9th Circuit's new rules for consent decrees
J. Craig Williams writes that the 9th Circuit's Wednesday opinion in U.S. v. Asarco creates two additional things to overcome before a consent decree can be modified. Here's his primer:
"Previously, we had just two hurdles: (1) show a significant changes in the factual conditions or in the law warranting modification; and, (2) whether the proposed modification is suitably tailored to resolve the problems created by the changed factual or legal conditions. Those two hurdles are not news (that's been the law since the 1992 Supreme Court case of Rufo v. Inmates of Suffolk County).

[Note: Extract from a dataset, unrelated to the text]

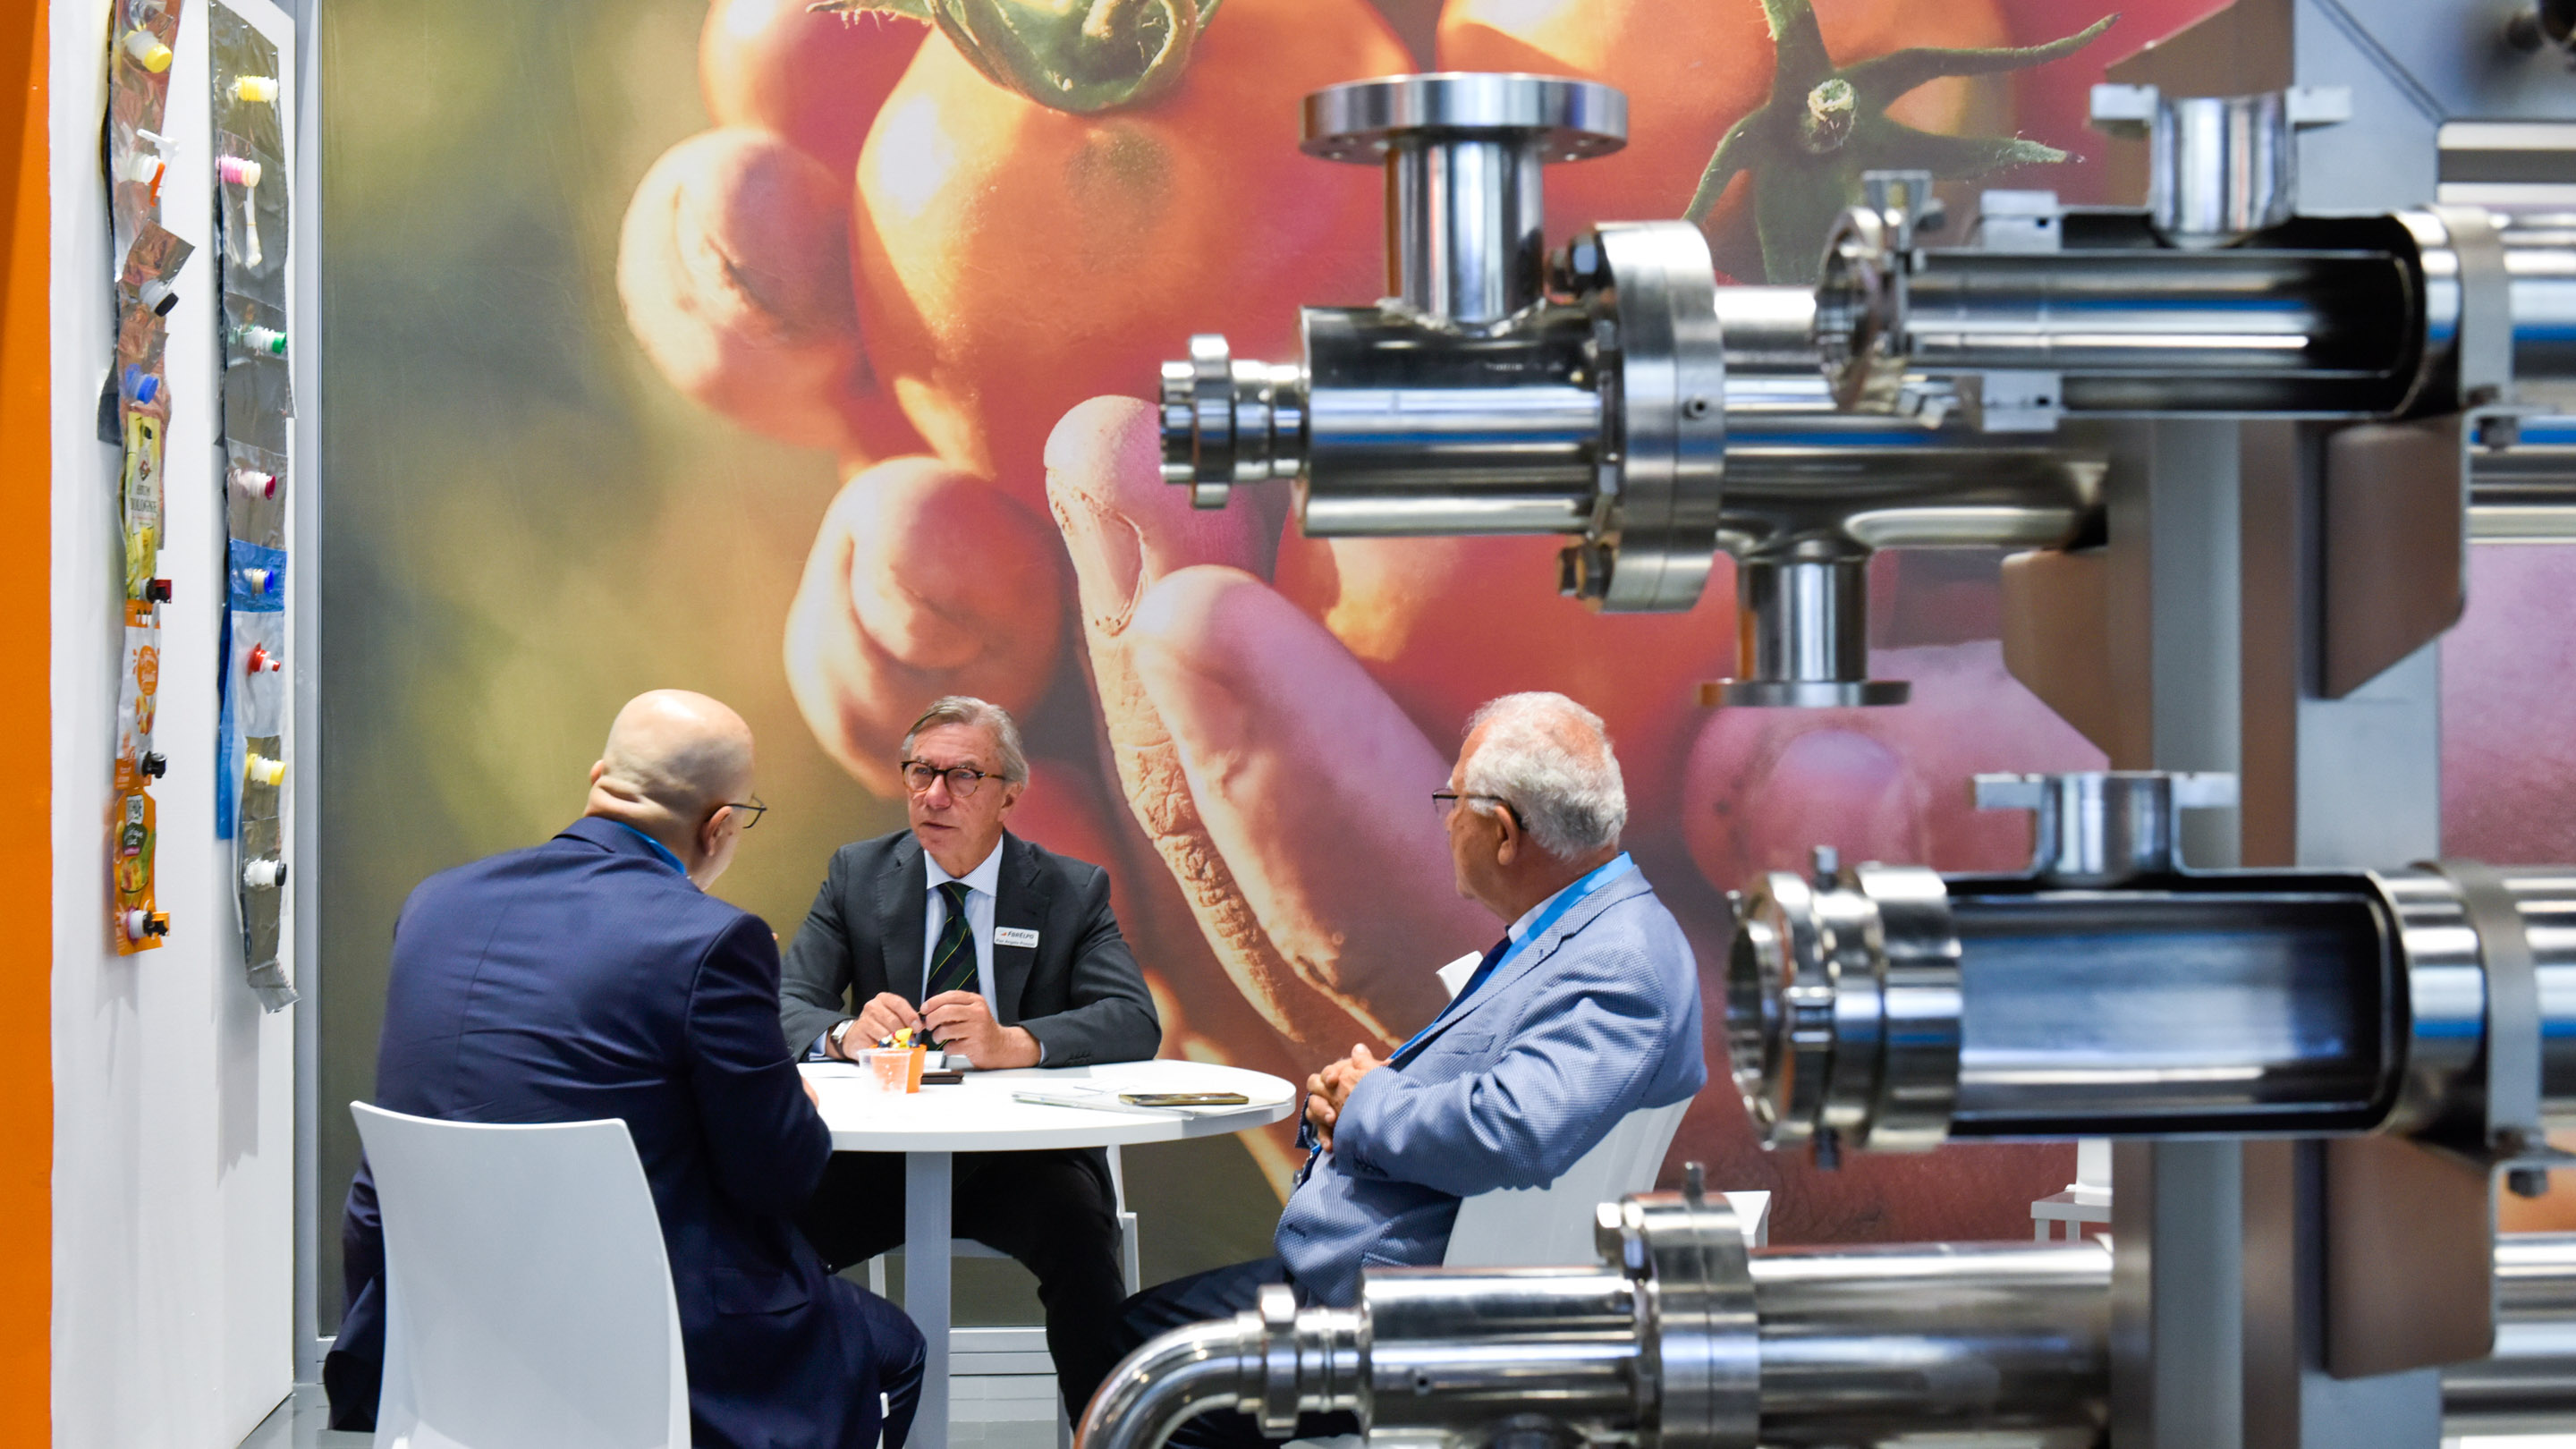 Stand: Fbr Elpo, Food Processing, Halle 10.1

"The addition of a third and fourth hurdle, however, is the news from Asarco. Now, the party trying to modify the Consent Decree must also show that: (3) the changed conditions make compliance with the consent decree more onerous, unworkable or detrimental to the public interest; and, (4) the changed conditions were not anticipated at the time the Consent Decree was signed. To make matters worse, the Court described these last two hurdles as 'heavy burdens.' But there's hope: if the changed conditions were anticipated, then the private party can still obtain a modification of the Consent Decree if the party can show a reasonable effort to comply with the Decree. "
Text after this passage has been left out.